While the fintech sector has been one of Britain’s biggest success stories in recent years, investment has largely been the preserve of venture capital and private equity.
Augmentum has long heralded itself as the one way retail investors can gain exposure to Britain’s fintechs.
Since its IPO in 2018 it has enjoyed healthy demand from savers looking to invest their cash in pioneering startups. But now, a volatile macroeconomic environment has dampened appetite for higher risk investments such as these.
We speak to fund manager Tim Levene about how he’s managed to weather the tech selloff and why he thinks a subdued IPO market isn’t the end of the world.
Fund manager Tim Levene says Augmentum’s share price has struggled as retail investors turn away from growth and into value
Tech selloff has been ‘indiscriminate’
Very few asset classes have escaped the volatility of the last 18 months but technology has been particularly badly hit.
Big hitters like Meta, Google owner Alphabet and Netflix have all seen their share prices tumble between 30 and 70 per cent.
Investors have shifted their attention to value stocks, particularly banks and oil majors, as inflation runs hot and central banks raise rates.
Augmentum hasn’t been immune to the rout. Despite NAV staying stable at 155p in the six months to March, Augmentum’s share price performance has been choppy.
It is currently trading at 103p having reached highs of 173p last year, and is trading at a 33.23 per cent discount to NAV.
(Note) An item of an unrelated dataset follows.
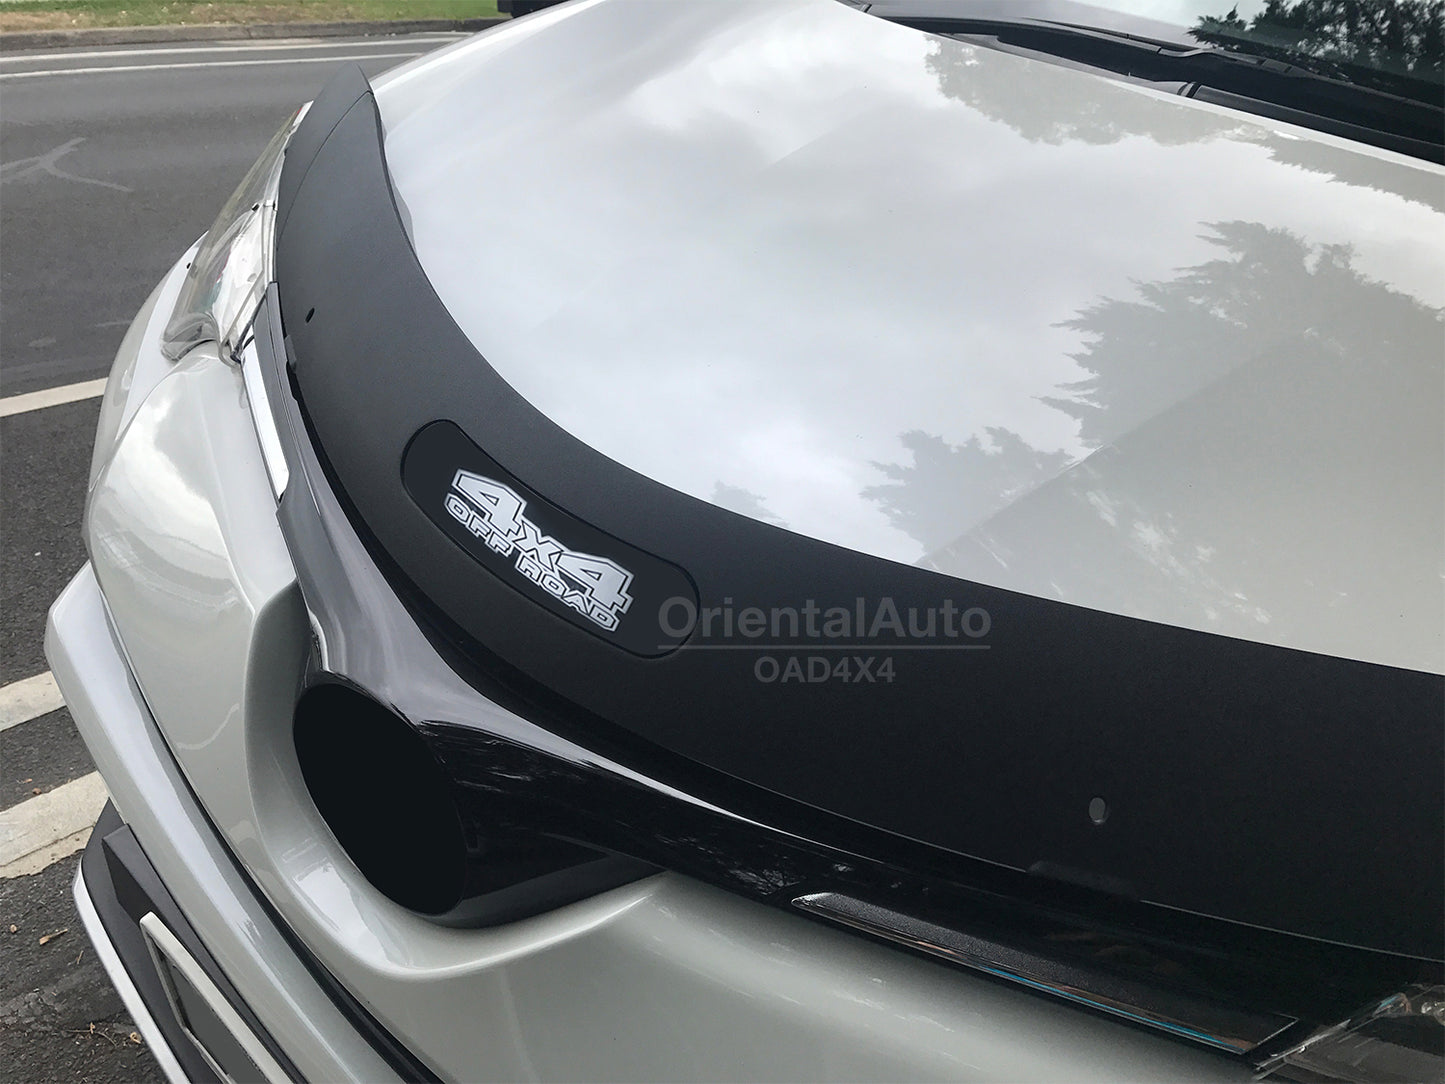 Injection Modeling Exclusive Bonnet Protector for Toyota RAV4 2013-2019 Hood Protector Bonnet Guard

Levene says he is ‘frustrated’ with the price volatility given the portfolio’s underlying growth, a view also expressed by chairman Neil England in the fund’s recent results.
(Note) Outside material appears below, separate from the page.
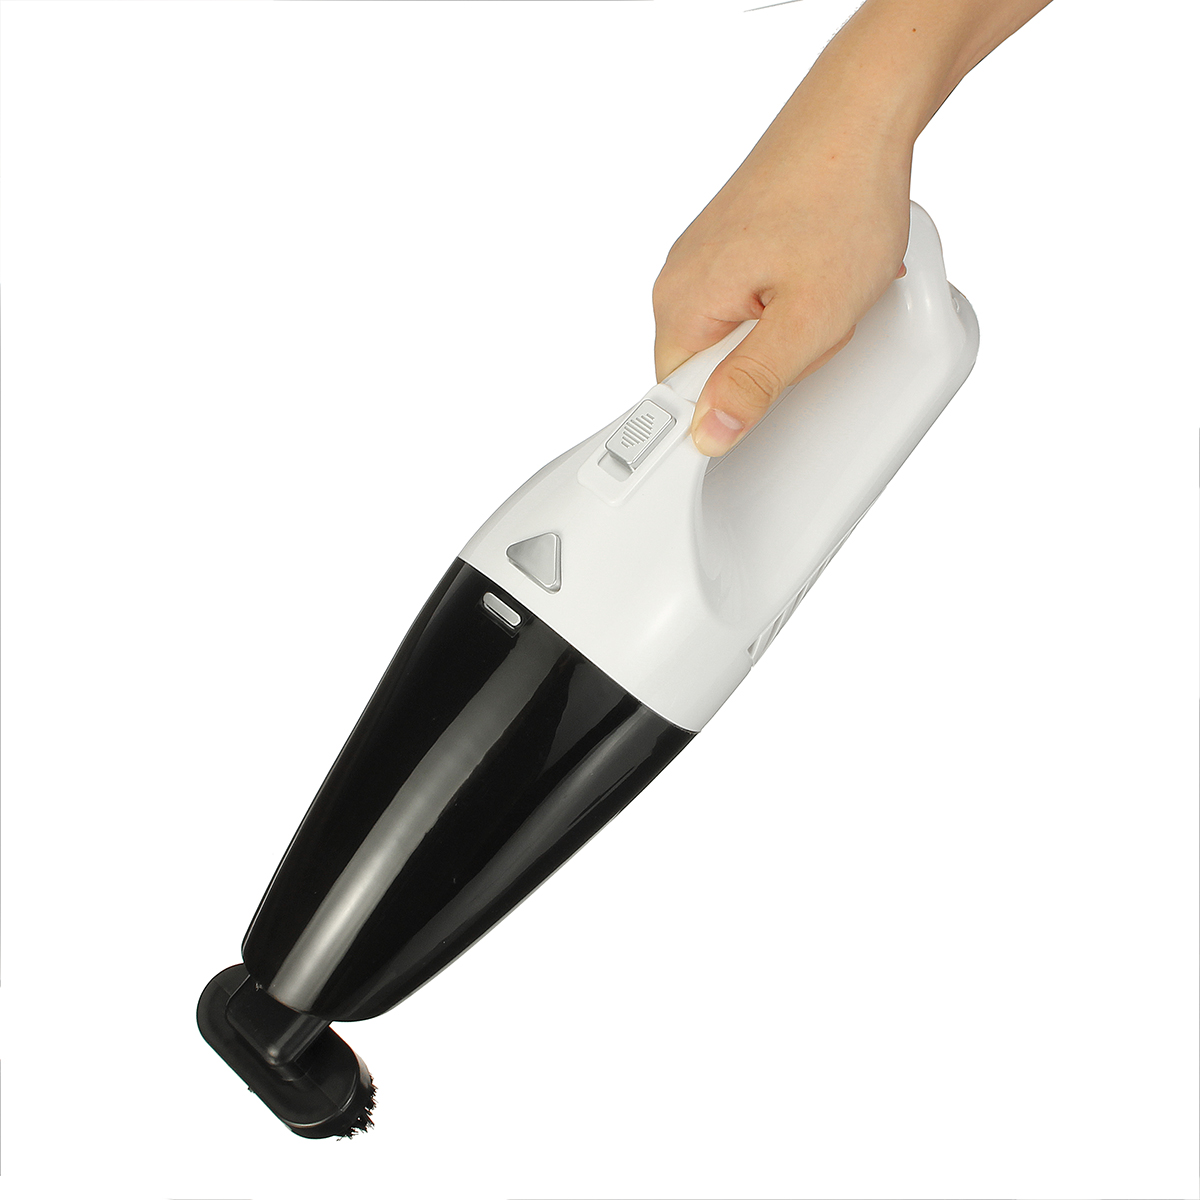 12V 120W Handheld Car/Home Vacuum Cleaner 6Kpa Strong Suction Power

‘It’s very hard for us, we can’t control share price, we can only control what we can control. When you’re a smaller cap stock then you seem to be a bit more volatile,’ says Levene.
‘I think I’ve been frustrated at the share price because I think it’s been unfairly maligned if you look at the underlying performance, I think we need to demonstrate that we deserve to have a premium rating.
‘Hopefully we can do a better job than we’ve done this year in terms of demonstrating that to investors.’
Most of the volatility in Augmentum’s share price – which is down 35 per cent year-to-date – can be attributed to retail investors turning to value stocks, says Levene, while institutional flows have remained largely stable.
‘I recognise that investors over the last 12 months have moved out of growth and looked to more steady yield inducing stocks and looking for value, I get it. I think the selloff has been pretty indiscriminate across the tech sector.’
But he suggests the tech rout might have a silver lining and push DIY investors into looking more carefully at what’s under the hood of these companies.
‘I think the scrutiny will be far better and detailed on the underlying performance than perhaps we saw 18 months ago.’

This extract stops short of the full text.